= George Sewell (physician) =

English physician and poet

George Sewell (died 1726) was an English physician and poet, known as a controversialist and hack writer.

==Life==
Born at Windsor, George Sewell was the eldest son of John Sewell, treasurer and chapter-clerk to the dean and canons of Windsor. He was educated at Eton College: his poem of The Favorite, a simile embodies reminiscences of his Eton life. He then went to Peterhouse, Cambridge, and graduated B.A. in 1709; for a time he studied medicine under Hermann Boerhaave at the University of Leiden, and about July 1725 he took the degree of M.D. at the University of Edinburgh.

Sewell practised at first in London, but little success. He then moved to Hampstead, but encountered competition from other physicians. Under financial pressure he became a booksellers' hack, publishing numerous poems, translations, and political and other pamphlets.

Sewell died of consumption at Hampstead, in poverty, on 8 February 1726. On 12 February he was given a pauper's funeral.

==Works==
In early life Sewell inclined to Toryism, and was a bitter critic of Gilbert Burnet, whom he attacked in five pamphlets (1713–1715). His animosity extended to the bishop's son, Thomas Burnet (1694–1753), and he brought out anonymously in 1715 a satirical True Account of the Life and Writings of Thomas Burnet. Sewell also wrote in the Tory interest Remarks upon a Pamphlet intituled [Observations upon the State of the Nation] (anon.) 1713 (3rd edit., 1714); and Schism destructive of the Government: a Defense of the Bill for preventing the Growth of Schism; 2nd edit. 1714, in which he answered the arguments of Sir Richard Steele.

Afterwards Sewell attached himself to Sir Robert Walpole, and issued The Resigners vindicated: by a Gentleman, 1718. It went through four editions in that year, and was succeeded by The Resigners, Part ii. and last, 1718.

Sewell's best-known literary work was his Tragedy of Sir Walter Raleigh, as it is acted at the Theatre in Lincoln's Inn Fields, 1719; 5th edit. with a new scene (and prefatory verses from Amhurst and others), 1722; 6th edit. 1745. The author traded on the national hatred of Spain. James Quin played the part of the hero in this piece, which was produced on 16 January 1719, and was often repeated. It was revived for one night at Drury Lane, 14 December 1789.

Sewell contrived to link his name with those of many prominent writers of this period. Verses by him are in Matthew Prior's Collection of Poems, 1709. He twice defended Joseph Addison's Cato in pamphlets issued in 1713 and 1716. He wrote the preface for Addison's Miscellanies in Verse and Prose, 1725, which include two translations by him (the Puppet-show, and The Barometer, pp. 29–32).
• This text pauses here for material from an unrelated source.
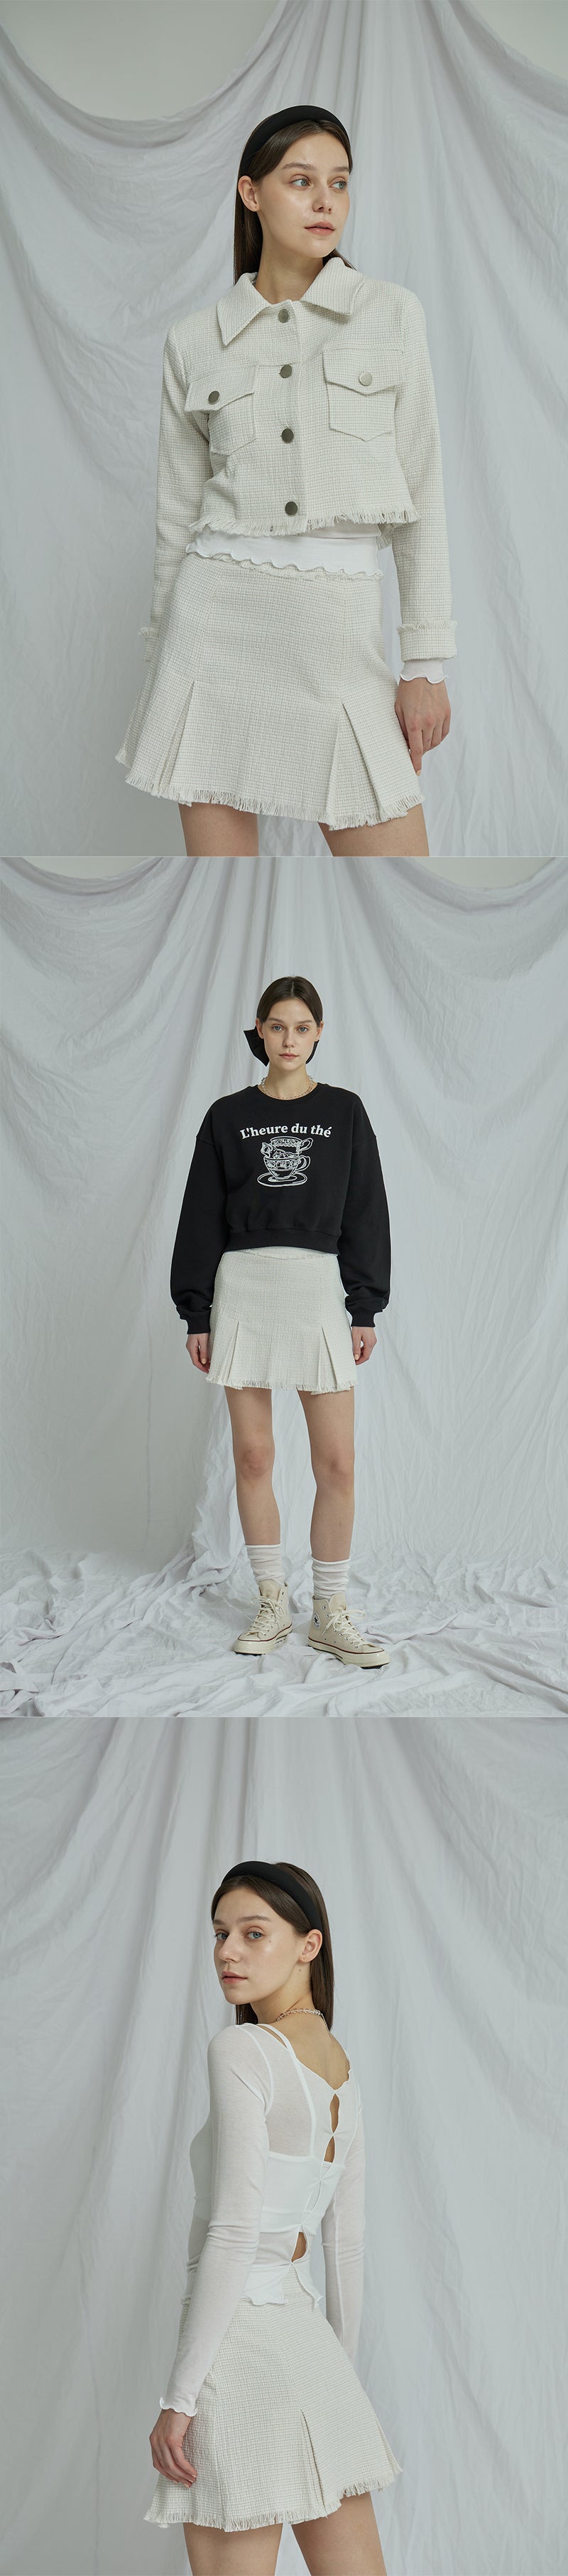 タッスルスカート / Tasseled skirt

A copy of verses by him was added to Sir Richard Steele's Recantation.

Sewell had a principal part in the fifth volume of The Tatler, sometimes called "The spurious Tatler", which was edited by William Harrison, and in the ninth or "spurious" volume of The Spectator. He wrote a Life and Character of John Philips (2nd edit. 1715; 3rd edit. 1720), which was also issued with the works of Philips, and down to 1760 was often reprinted. To Alexander Pope's edition of Shakespeare (1725) Sewell added a seventh volume.

To George Cheyne's History of Himself (1743, pp. 44–49) was added Sewell's account of Archibald Pitcairne, of whose Dissertationes medicae Sewell issued a translation with John Theophilus Desaguliers in 1717. He assisted in the translation of Ovid's Metamorphoses (1717), which was projected in competition with that of Samuel Garth, even if Sewell addressed him as "his dear friend" in a poem in his New Collection (anon.), 1720. He contributed to, and probably supervised, a volume of Sacred Miscellanies (circa 1713), and he prepared in 1717 an edition of the Poems of Henry Howard, Earl of Surrey.

Others publications were:

- The Patriot: a Poem. Inscribed to Robert, Earl of Oxford, 1712; in his Posthumous Works (1728) the name of the representative patriot was changed (from Robert Harley) to Walpole.
- An Epistle from Sempronia to Cethegus, with Reply (anon.), 1713: a satire on the Duke and Duchess of Marlborough.
- The Proclamation of Cupid, or a Defence of Women: a Poem from Chaucer, 1718, reprinted in A new Collection.
- Poems on several Occasions, 1719.
- A new Collection of original Poems (anon.), 1720.

Posthumous were: Tragedy of King Richard I, Essays and Poems, 1728; edited by his brother, Gregory Sewell. Some of his poems are in John Nichols's Collection, and in Bell's Fugitive Poetry. Long letters to and from him are in the correspondence of John Dennis (1721), and in the works of Aaron Hill (1753). His own verses, prophetic of his death, are cited in Thomas Campbell's Specimens of the British Poets (1841, p. 345).